Record extracts ▸
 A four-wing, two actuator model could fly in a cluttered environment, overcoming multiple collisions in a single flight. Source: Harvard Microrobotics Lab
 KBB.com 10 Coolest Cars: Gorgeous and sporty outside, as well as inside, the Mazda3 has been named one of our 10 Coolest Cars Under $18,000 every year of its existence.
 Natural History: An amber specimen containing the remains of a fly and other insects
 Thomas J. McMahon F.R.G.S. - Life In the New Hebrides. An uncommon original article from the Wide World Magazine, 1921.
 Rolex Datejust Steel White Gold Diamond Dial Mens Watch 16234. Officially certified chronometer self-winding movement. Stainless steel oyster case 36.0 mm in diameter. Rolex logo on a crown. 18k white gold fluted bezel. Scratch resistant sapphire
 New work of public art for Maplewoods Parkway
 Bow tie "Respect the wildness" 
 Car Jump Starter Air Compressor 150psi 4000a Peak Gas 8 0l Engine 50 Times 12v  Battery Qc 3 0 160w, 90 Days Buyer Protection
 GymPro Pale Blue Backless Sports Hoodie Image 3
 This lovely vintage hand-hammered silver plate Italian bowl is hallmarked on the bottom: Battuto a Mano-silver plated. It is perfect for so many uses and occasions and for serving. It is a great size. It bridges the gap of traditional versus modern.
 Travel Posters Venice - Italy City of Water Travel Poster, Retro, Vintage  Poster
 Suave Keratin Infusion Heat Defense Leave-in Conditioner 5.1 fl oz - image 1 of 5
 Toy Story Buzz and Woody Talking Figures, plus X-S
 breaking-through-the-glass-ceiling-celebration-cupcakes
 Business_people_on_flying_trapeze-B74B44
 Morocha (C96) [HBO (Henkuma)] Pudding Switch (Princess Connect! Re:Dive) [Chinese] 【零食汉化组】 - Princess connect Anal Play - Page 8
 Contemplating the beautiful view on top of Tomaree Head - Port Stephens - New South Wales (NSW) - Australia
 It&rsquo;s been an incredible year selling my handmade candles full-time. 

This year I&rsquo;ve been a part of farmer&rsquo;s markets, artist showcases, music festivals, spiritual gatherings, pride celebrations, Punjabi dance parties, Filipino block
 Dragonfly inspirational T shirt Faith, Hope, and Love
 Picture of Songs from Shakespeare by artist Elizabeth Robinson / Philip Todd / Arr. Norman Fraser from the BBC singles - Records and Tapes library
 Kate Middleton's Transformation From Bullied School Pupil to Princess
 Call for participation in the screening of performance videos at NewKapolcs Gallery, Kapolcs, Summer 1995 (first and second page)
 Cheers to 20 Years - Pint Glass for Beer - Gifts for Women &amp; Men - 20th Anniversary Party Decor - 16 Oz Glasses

Your task ▸ The lines to extract from the data above begin with the line containing "Travel Posters Venice" and end with the line containing "breaking-through-the-glass-ceiling-celebration-cupcakes". Extract them exactly, including both.

Answer box ▸
 Travel Posters Venice - Italy City of Water Travel Poster, Retro, Vintage  Poster
 Suave Keratin Infusion Heat Defense Leave-in Conditioner 5.1 fl oz - image 1 of 5
 Toy Story Buzz and Woody Talking Figures, plus X-S
 breaking-through-the-glass-ceiling-celebration-cupcakes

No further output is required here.